◆ **ASSIGNMENT**: Copy all lines below exactly as written. Leave pictures out.

◆ **DATASET SECTION**:
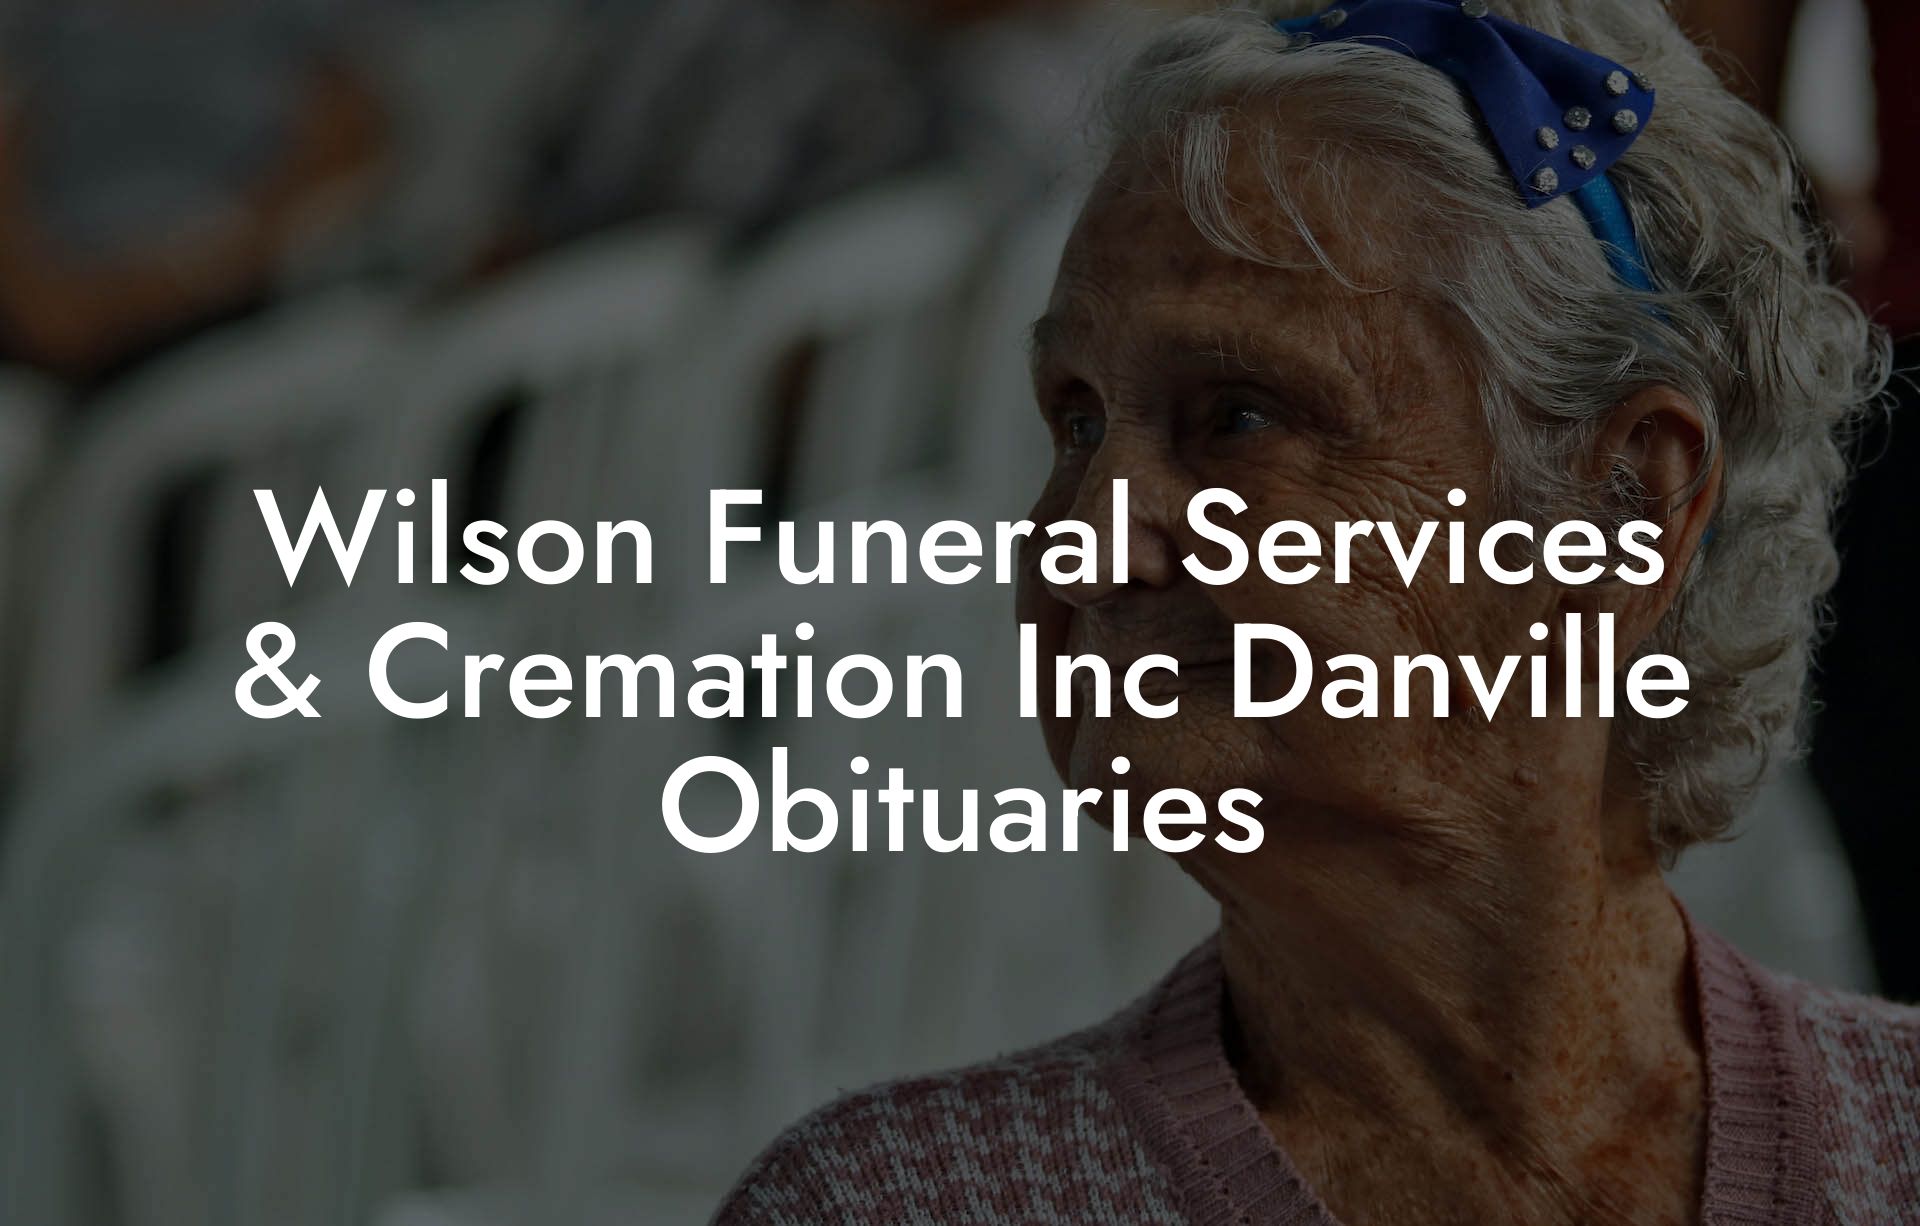 Wilson Funeral Services & Cremation Inc Danville Obituaries - Eulogy ...
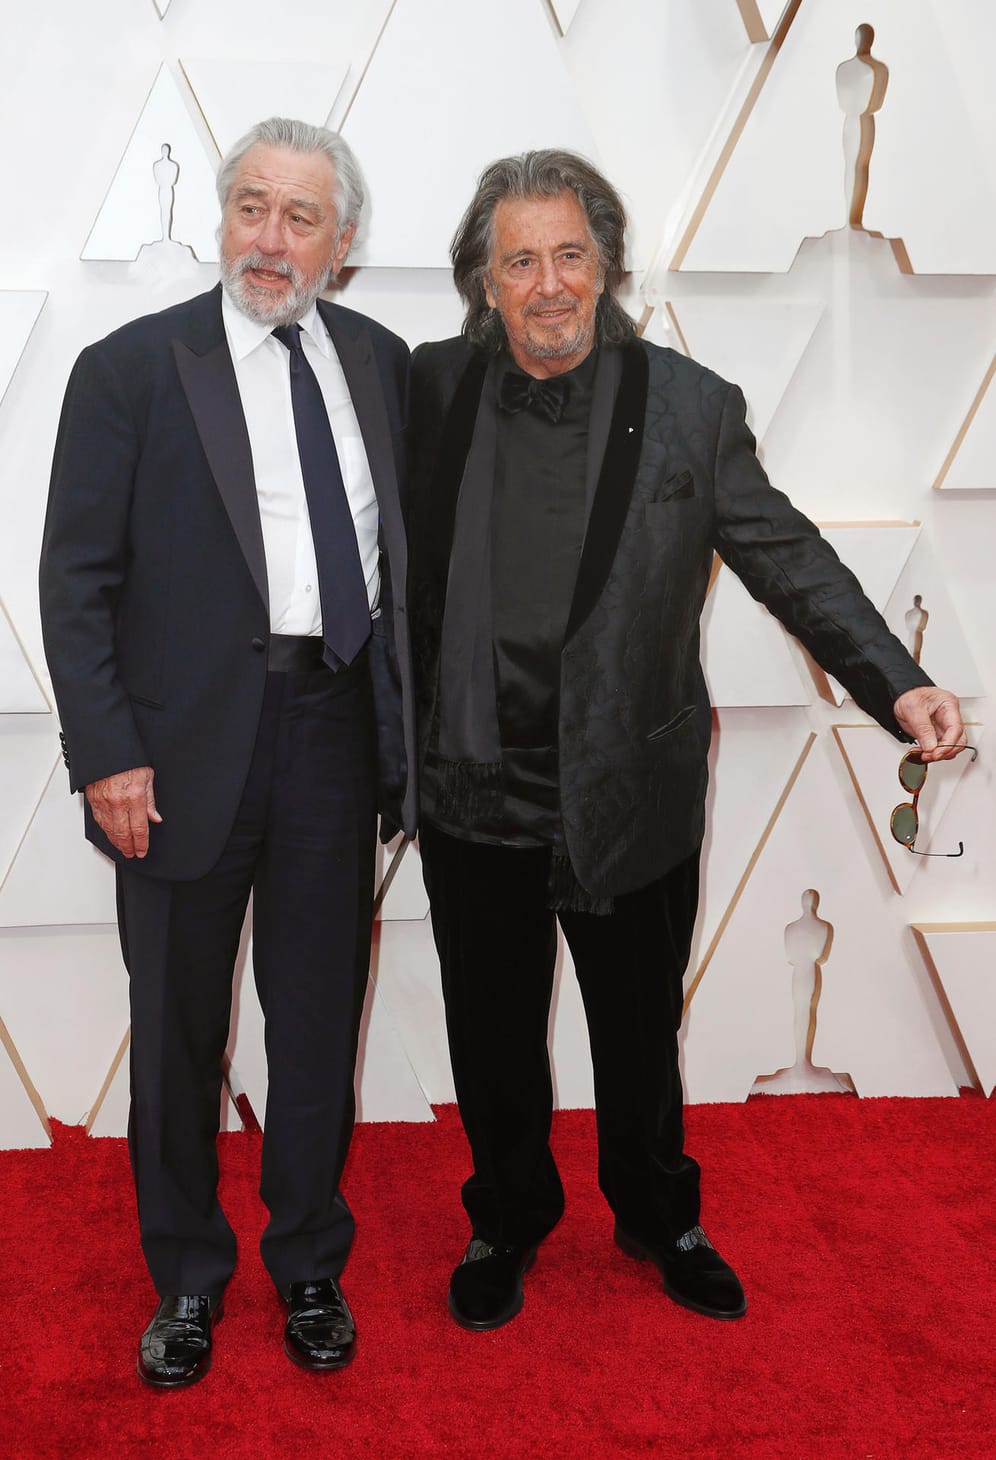 Robert De Niro und Al Pacino
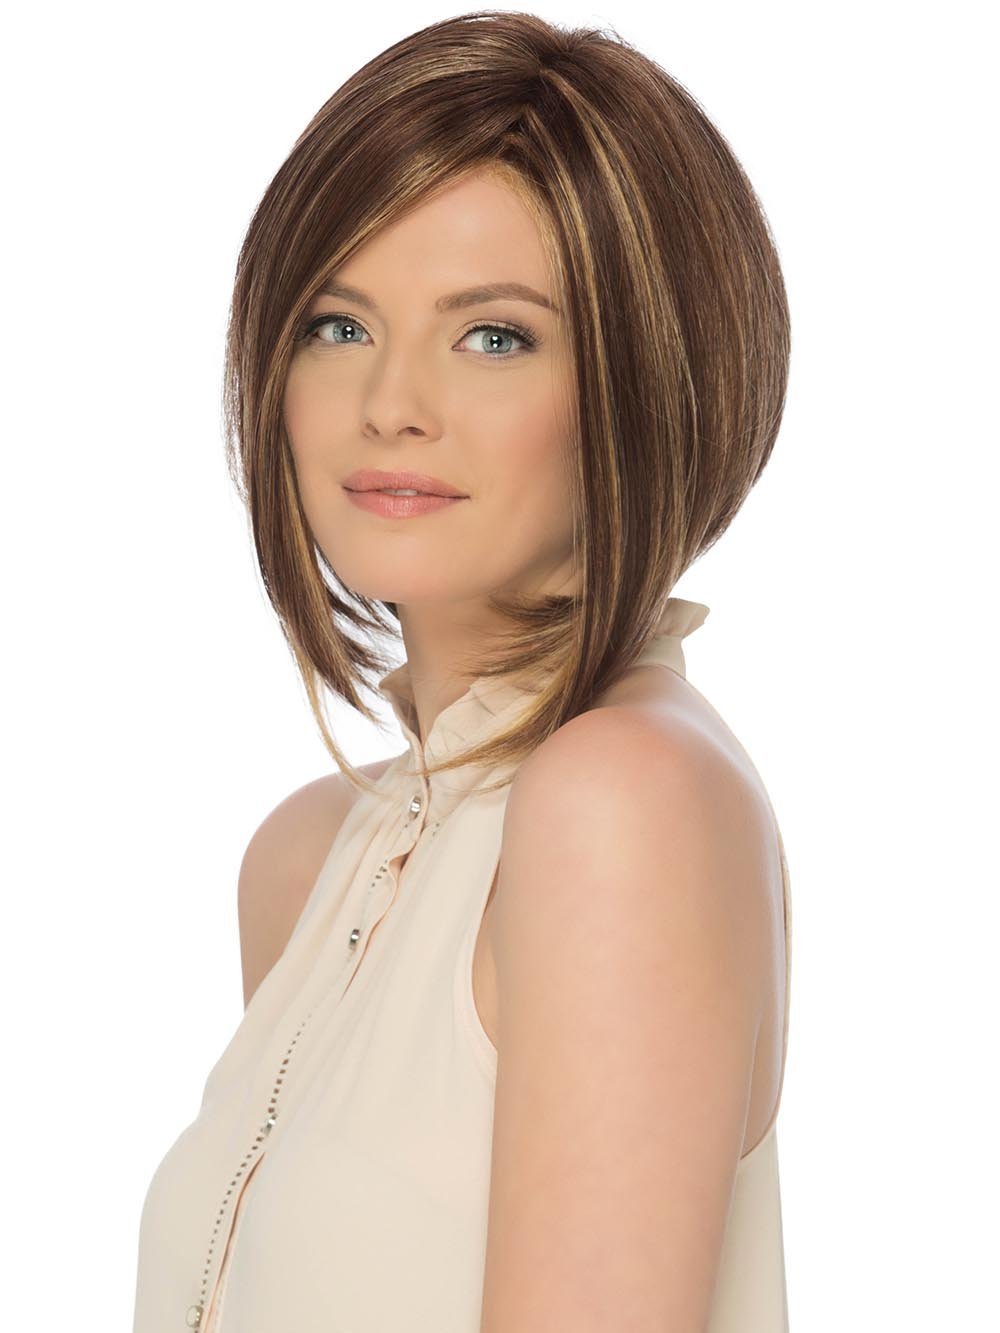 Emery Wig by Estetica is sleek, trendy and stylish
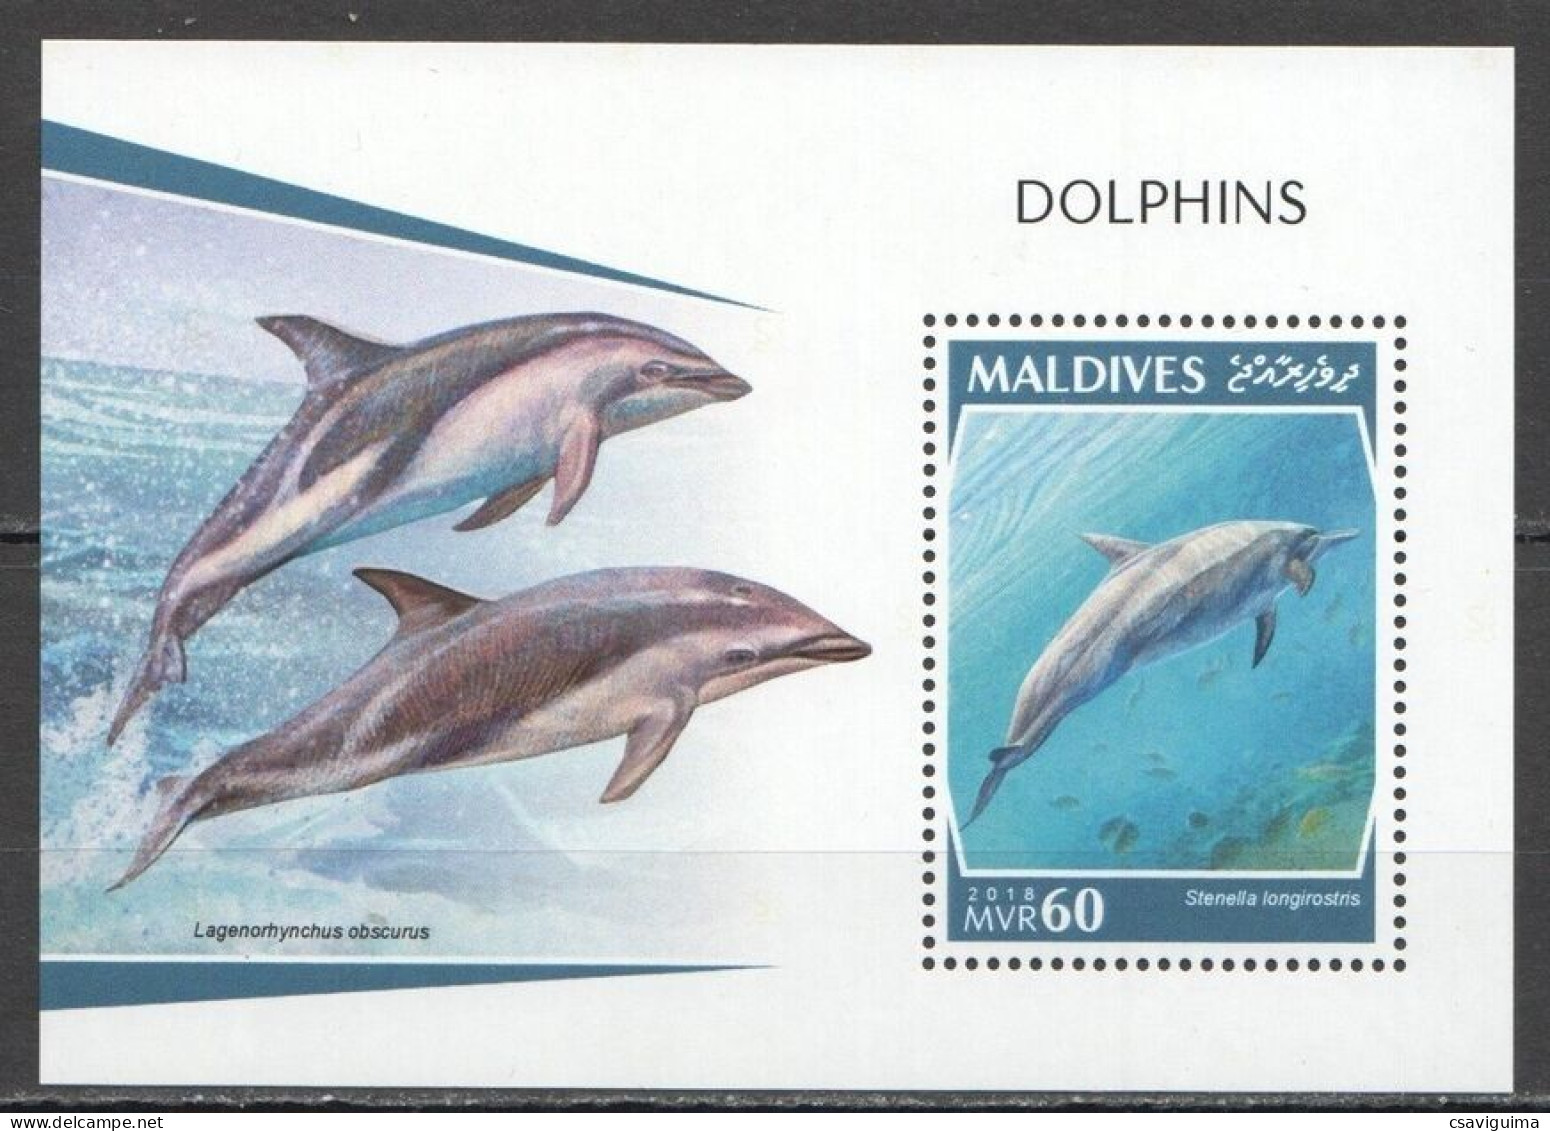 Maldives - 2018 - Dolphins - Yv Bf 1259 - Delfines

◆ **RESULT OF THE TASK**:
 Wilson Funeral Services & Cremation Inc Danville Obituaries - Eulogy ...
 Robert De Niro und Al Pacino
 Emery Wig by Estetica is sleek, trendy and stylish
 Maldives - 2018 - Dolphins - Yv Bf 1259 - Delfines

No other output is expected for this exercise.